I'm an only and always wished for a sibling. I still do tbh although my DM is now sixty seven so I think that ship has definitely sailed 🤣
However in the 80s and 90s being an only was definitely something of a rarity. I felt I was missing out on something that all of my friends had. A companion within the home, somebody to go on holiday with other than my DPs, a playmate and an extended social circle due to a sibling. These were things that all of my friends had and I was always very envious. Even now I am envious of my friends relationships with their siblings and nieces and nephews. This is mitigated nicely by my DH's family as he is the eldest of six so I do have a large number of BILs and SILs.

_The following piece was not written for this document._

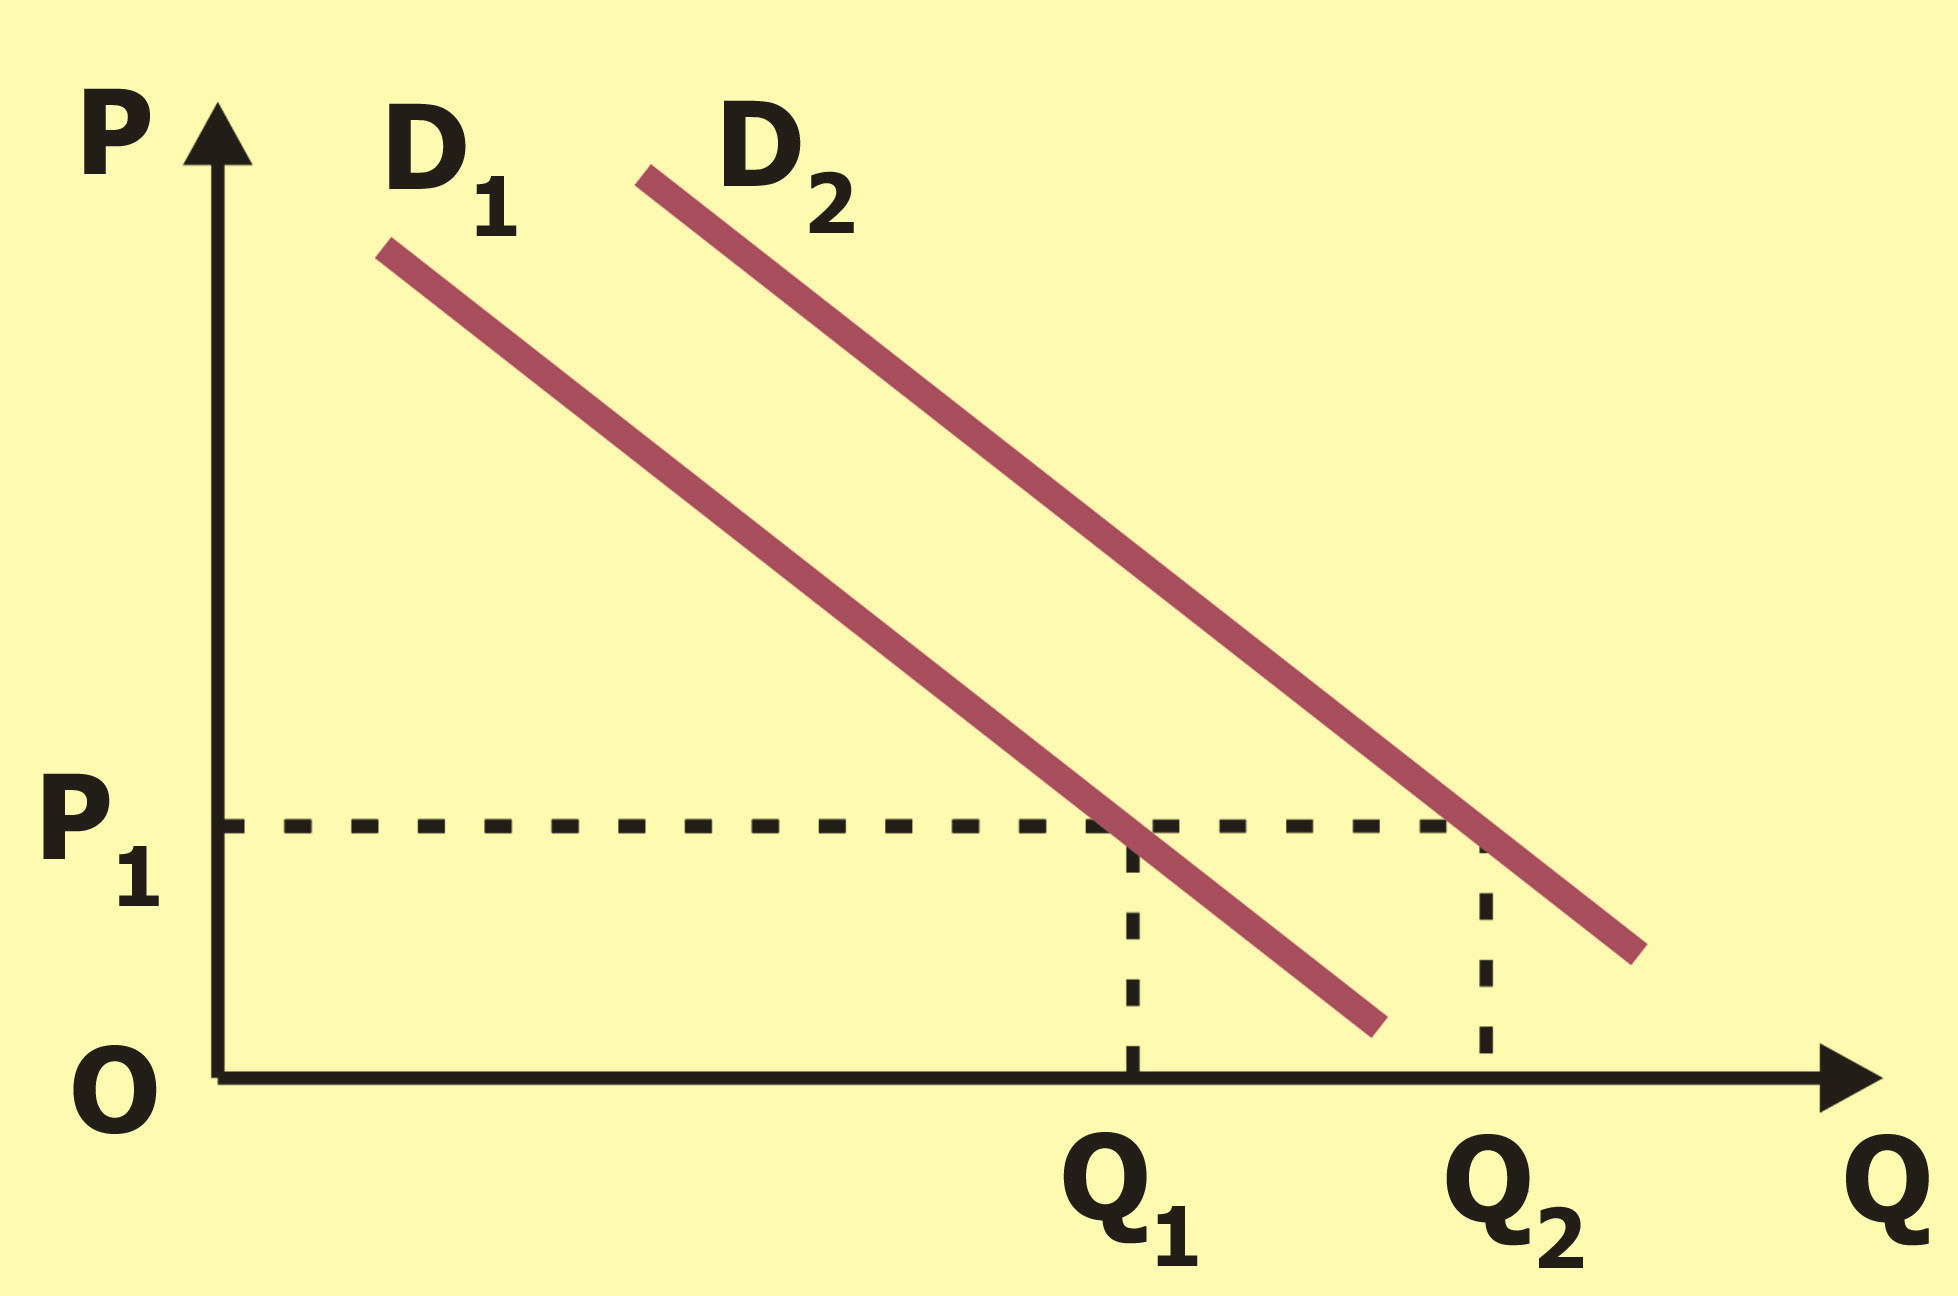 τιμή P 2 η ζητούμενη ποσότητα είναι Q 2.

Altnough now that more people are choosing to have only children I think that there is less opportunity for them to feel as if they are missing out and surely they will feel less of a rarity as a proportion of their friends will essentially be in the same boat.
I know that my DM always felt very looked down upon for having an only, which is awful. She wished for more children but it just wasn't to be and says that other women often remarked that I would be lonely and psychologically maladapted (I am not)
I can't say that I would have chosen to be an only but I am very, very close to my mum.
It's a bit of a double edged sword tbh.
I would have liked to escape the UK years ago as would DH. How could I have done so as an only child whose dad had died in his fifties? I couldn't. It would have felt unspeakably cruel.
To that end I have stayed within half a mile of my mum because her health took a massive nose dive, presumably as the physical consequence of grief.
Now that she is almost seventy I am looking at extending the house so that she can live with us, because as an only what is the long term alternative?
And I do not begrudge caring for my mum in her later years. God only knows that she did the same for me.
And happily she and my DH get along famously.
Bit I've been very fortunate in almost every instance that these circumstances have and are seemingly going to work out well for us.
It's a lot to have on your shoulders as an only child. Sometimes when you are still relatively young yourself.
Yes, you can say that you wouldn't want to be a factor in your child's life choices, but if you have been a brilliant parent then necessarily that is what will happen because that child will love you to absolute pieces, Especially in the absence of an extended family.
Sorry for the essay.
There's plusses and minuses to being an only, no rights and wrongs.
I had a very privileged upbringing and I am forever grateful to the people who raised me, siblings notwithstanding.